**What is expected**
Once the pictures are removed, restate the data below word for word.

**Supplied data**
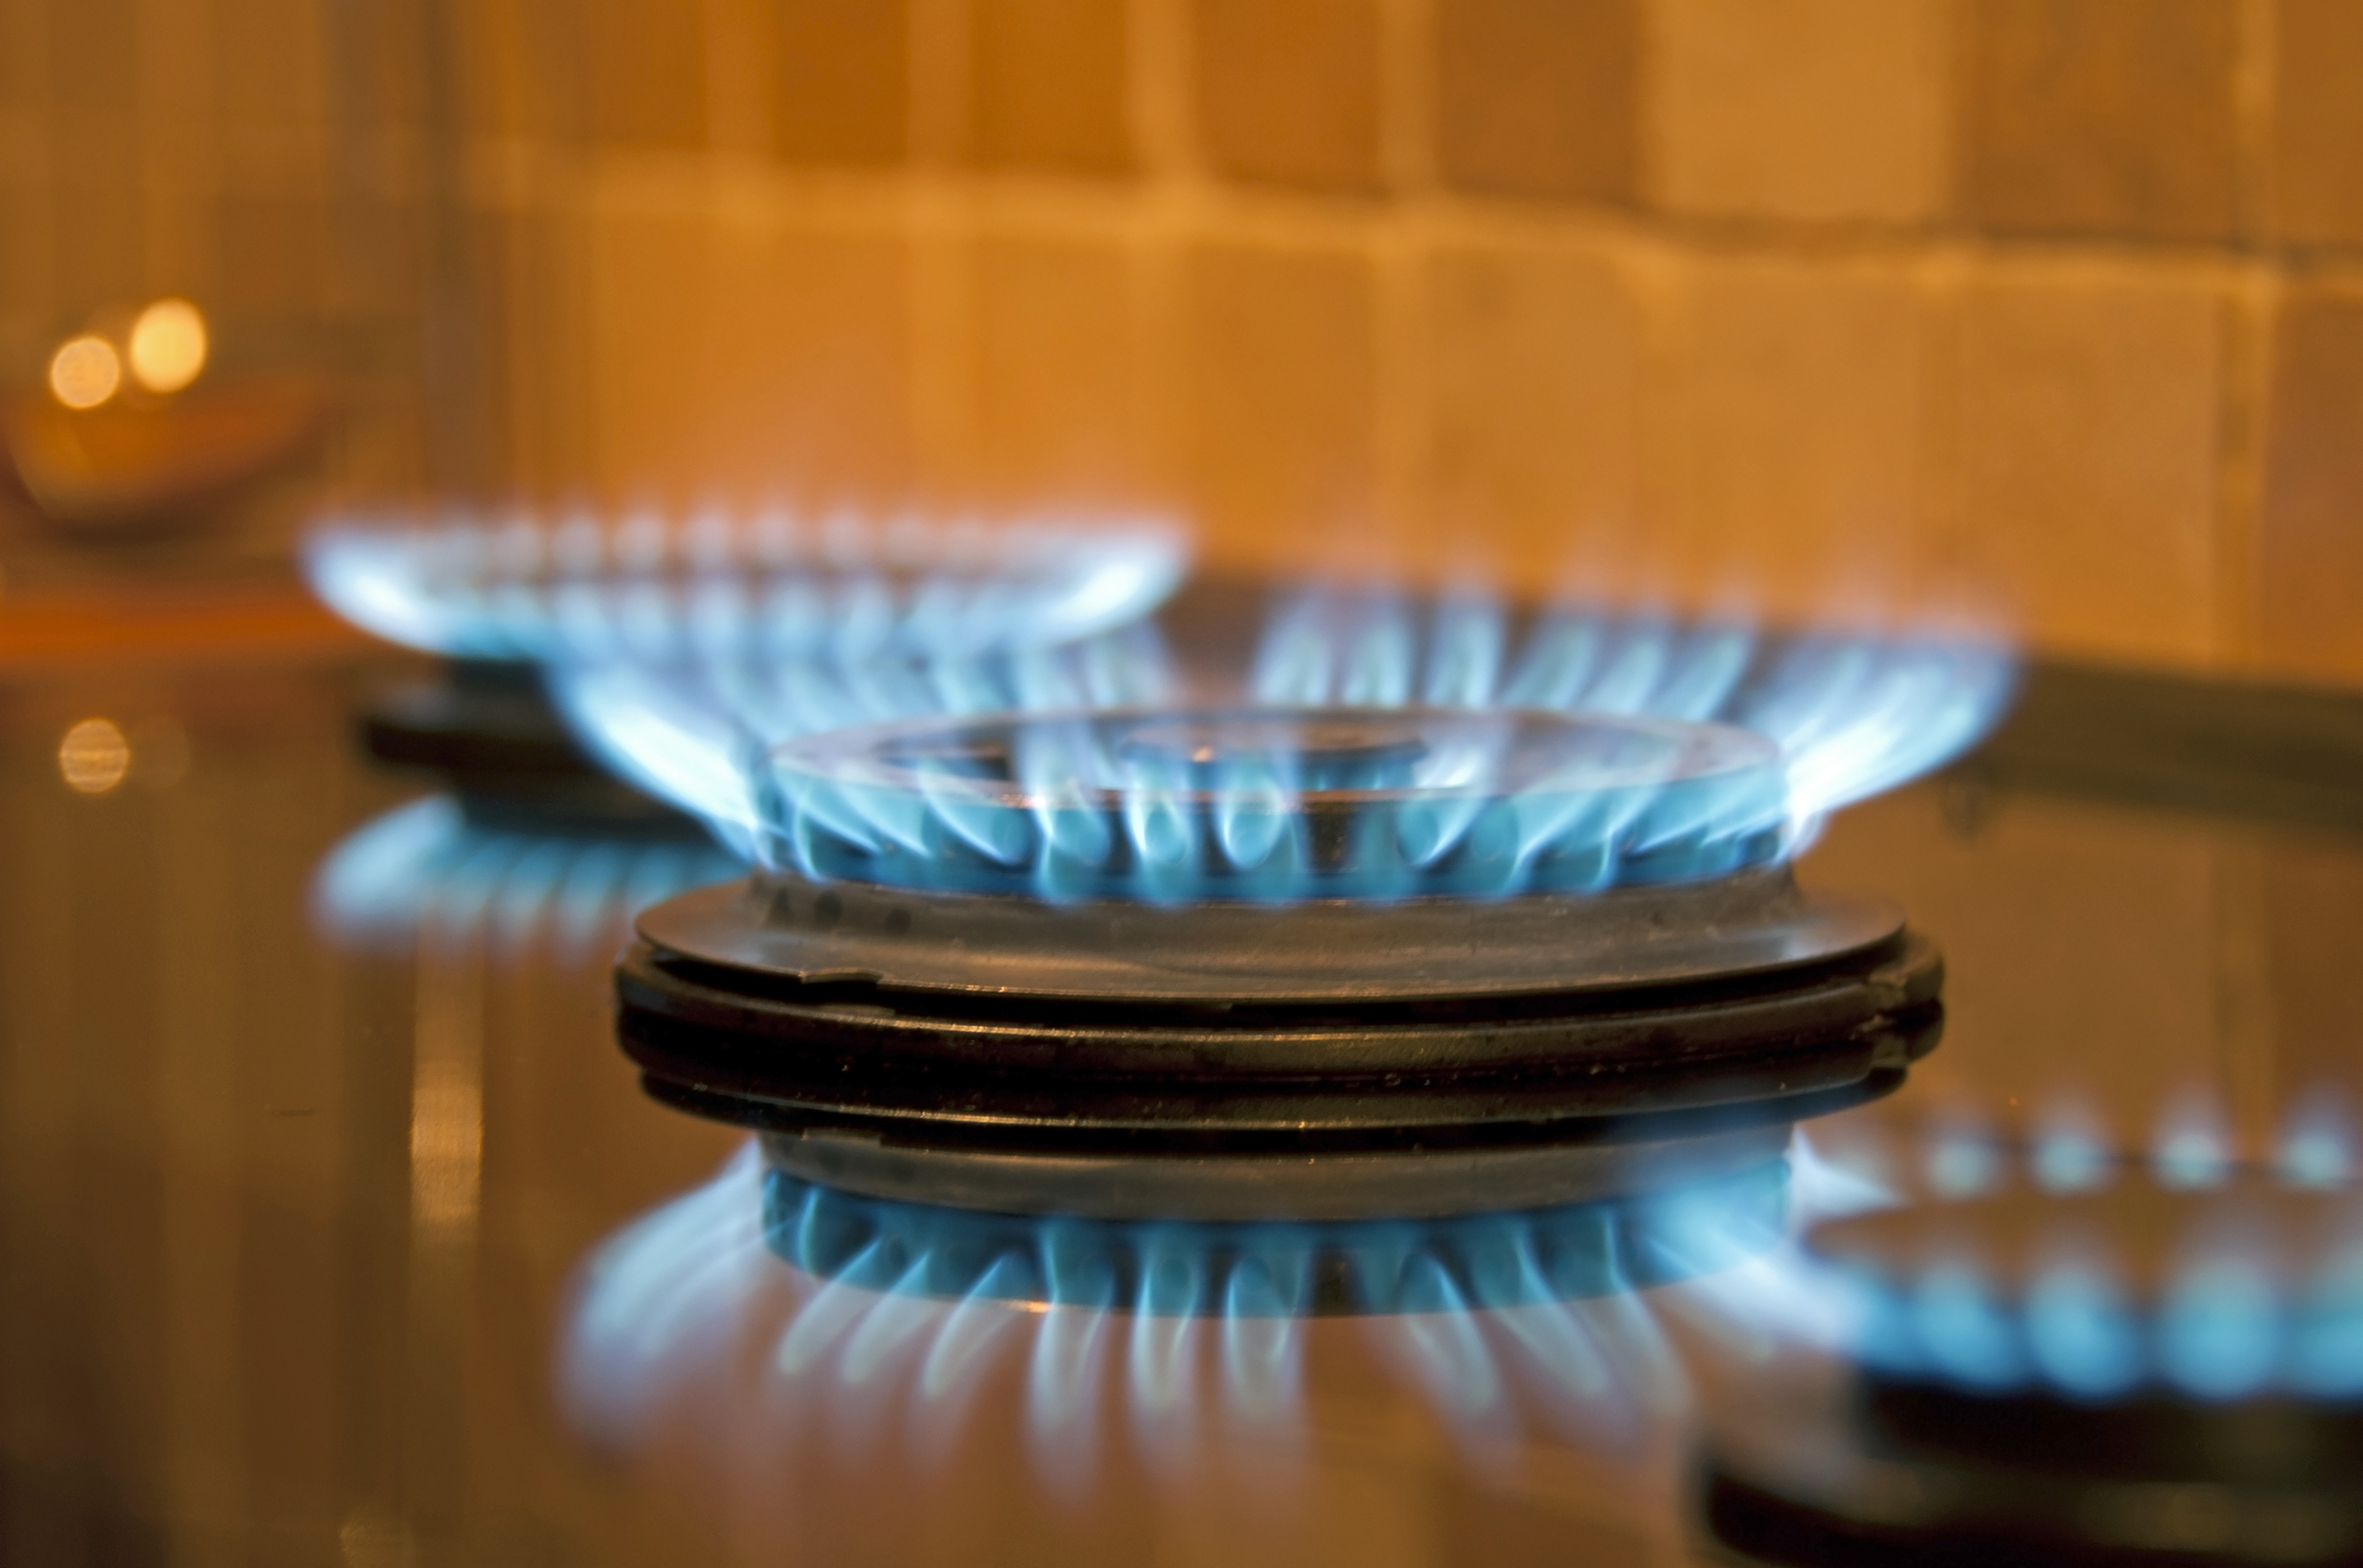 Factura gas, tarifa regulada o libre mercado. Fuego de una cocina de gas natural.
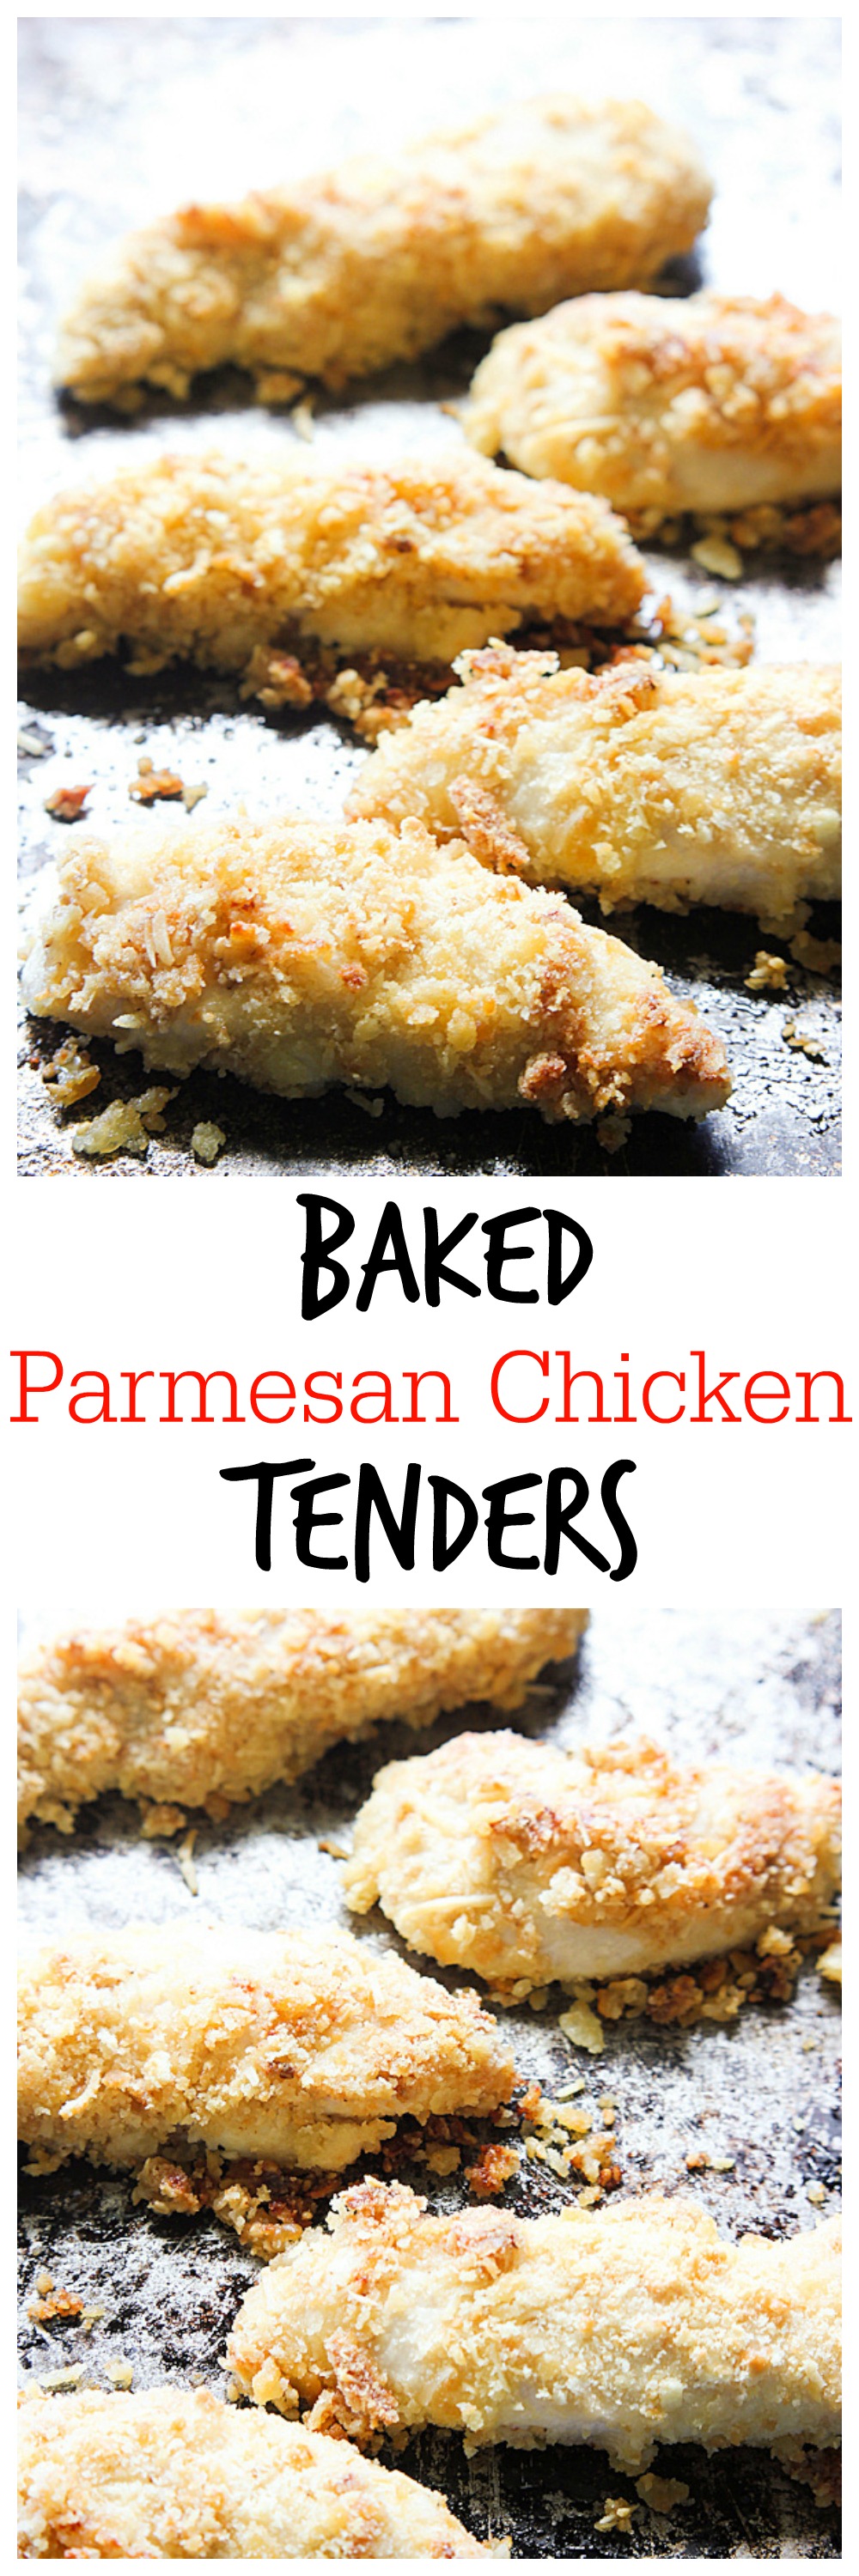 Baked Parmesan Chicken Tenders
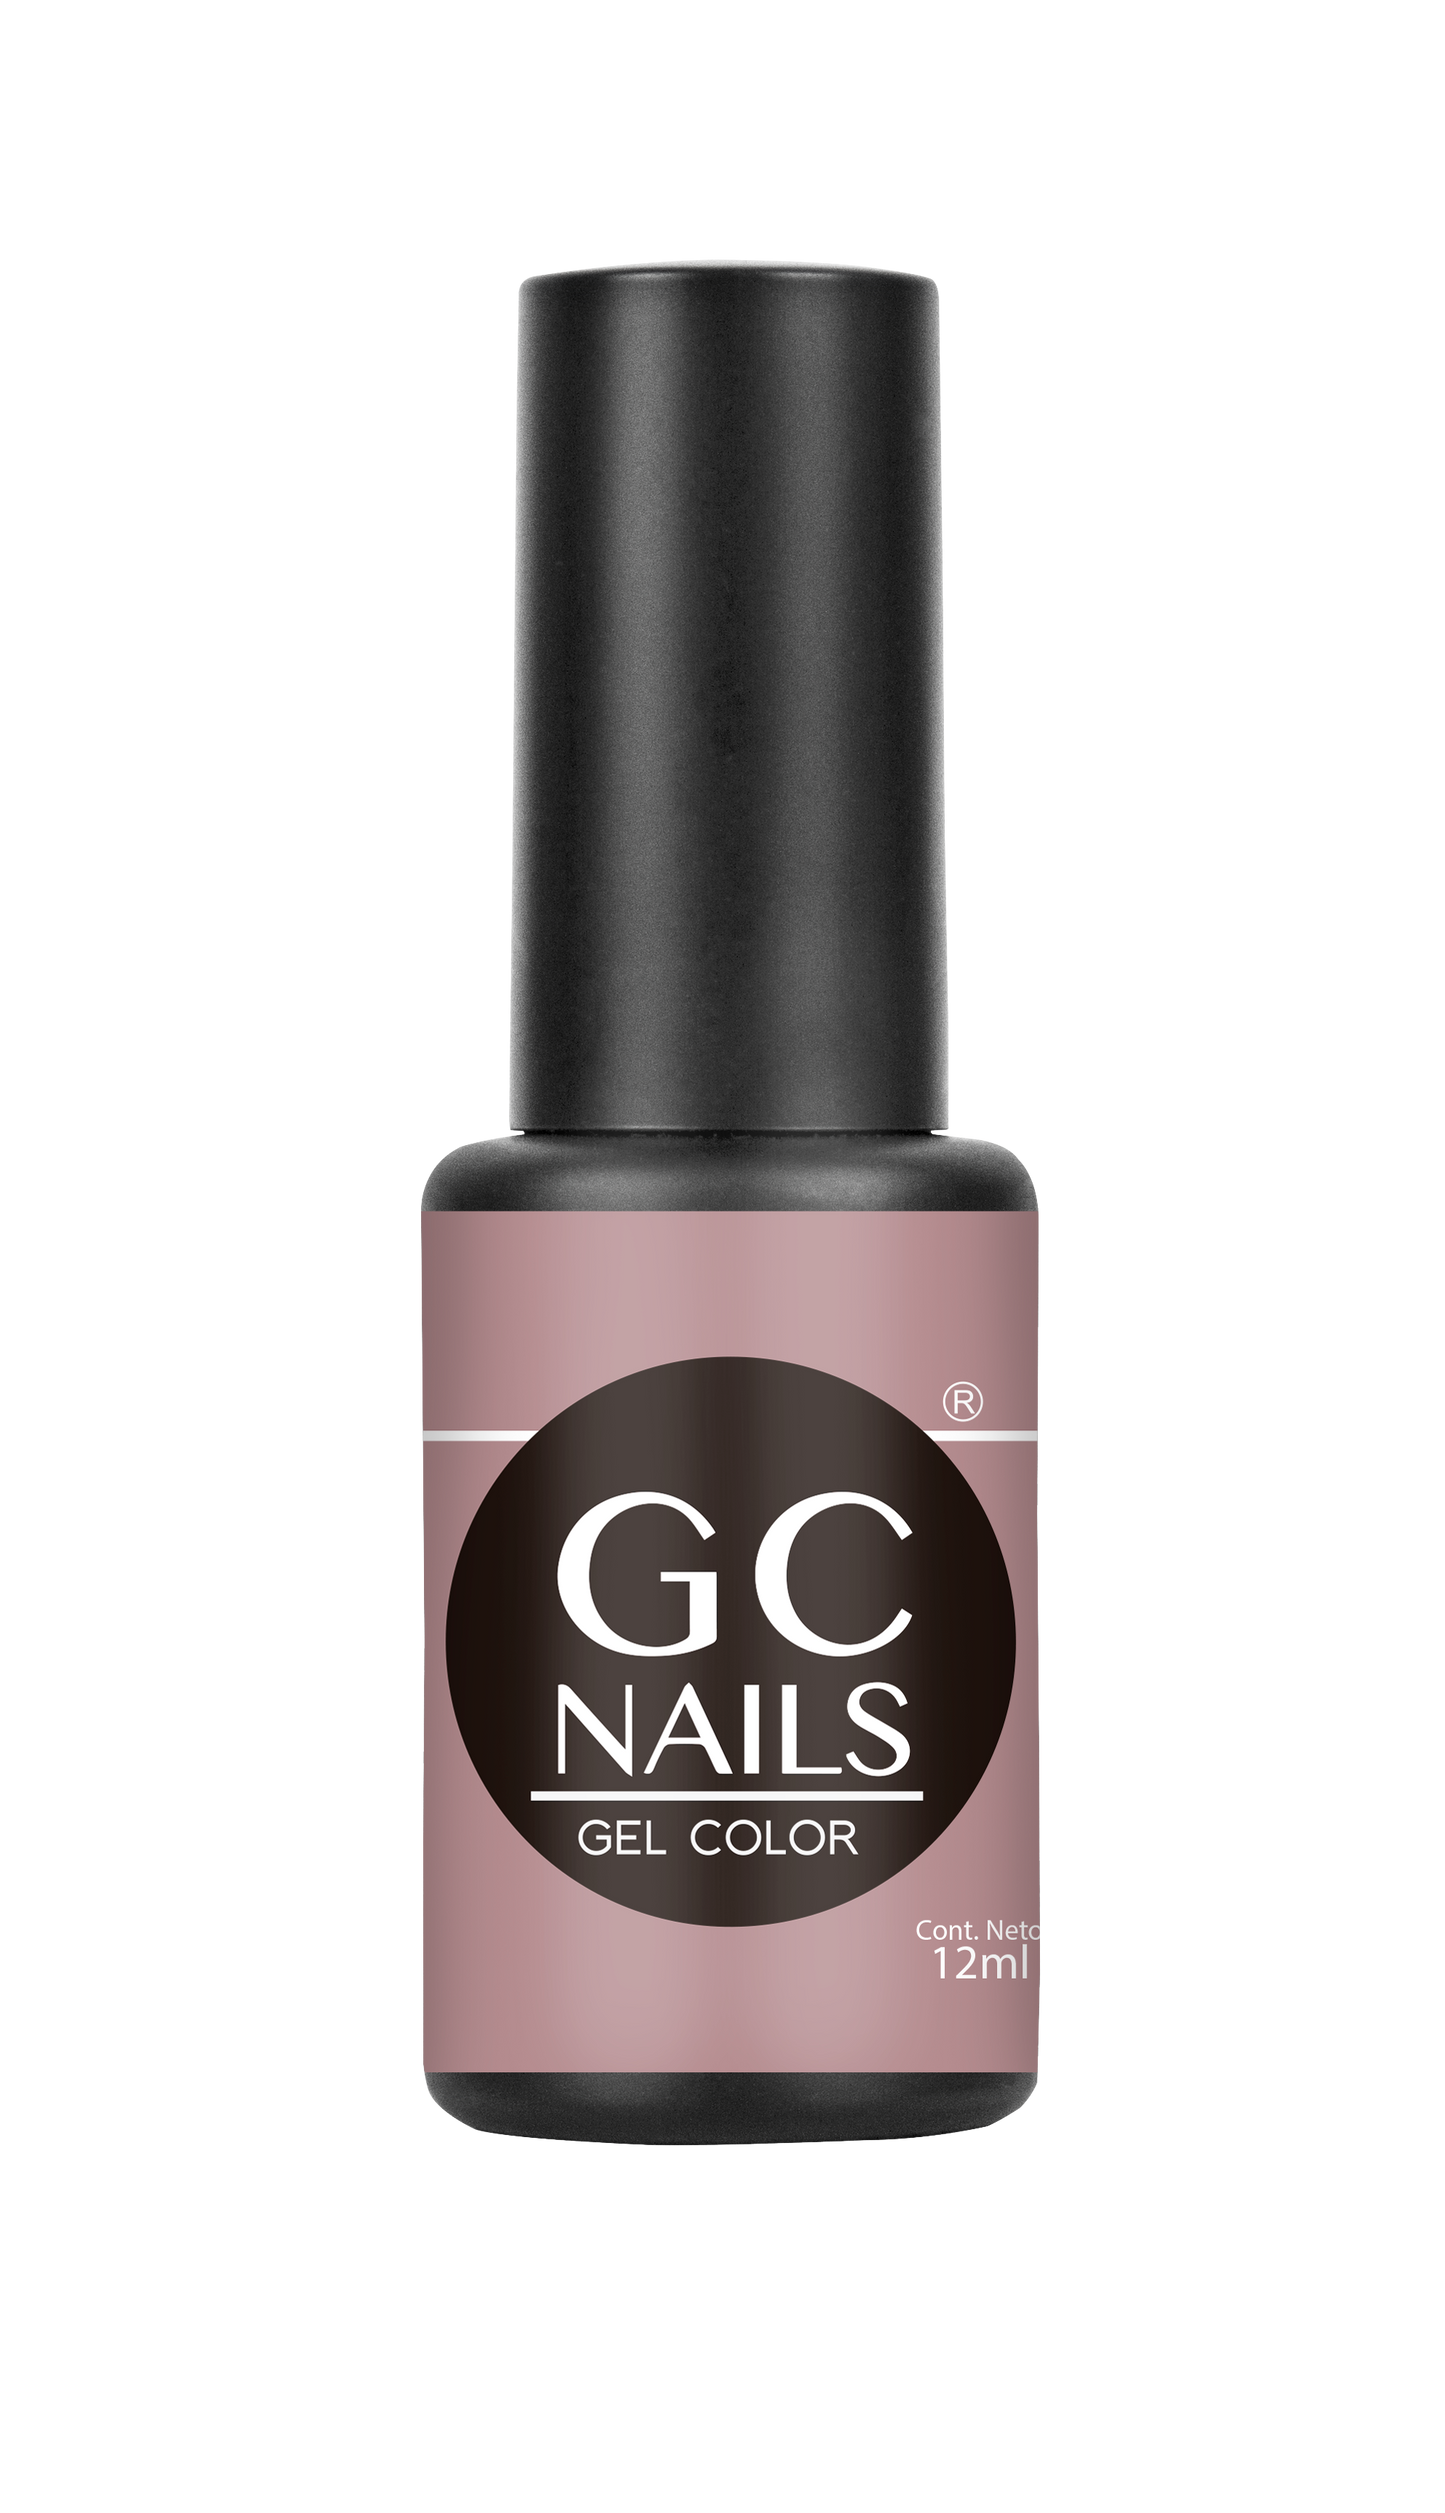 GC nails bel-color 12ml ALMENDRA 73

**Answer**
 Factura gas, tarifa regulada o libre mercado. Fuego de una cocina de gas natural.
 Baked Parmesan Chicken Tenders
 GC nails bel-color 12ml ALMENDRA 73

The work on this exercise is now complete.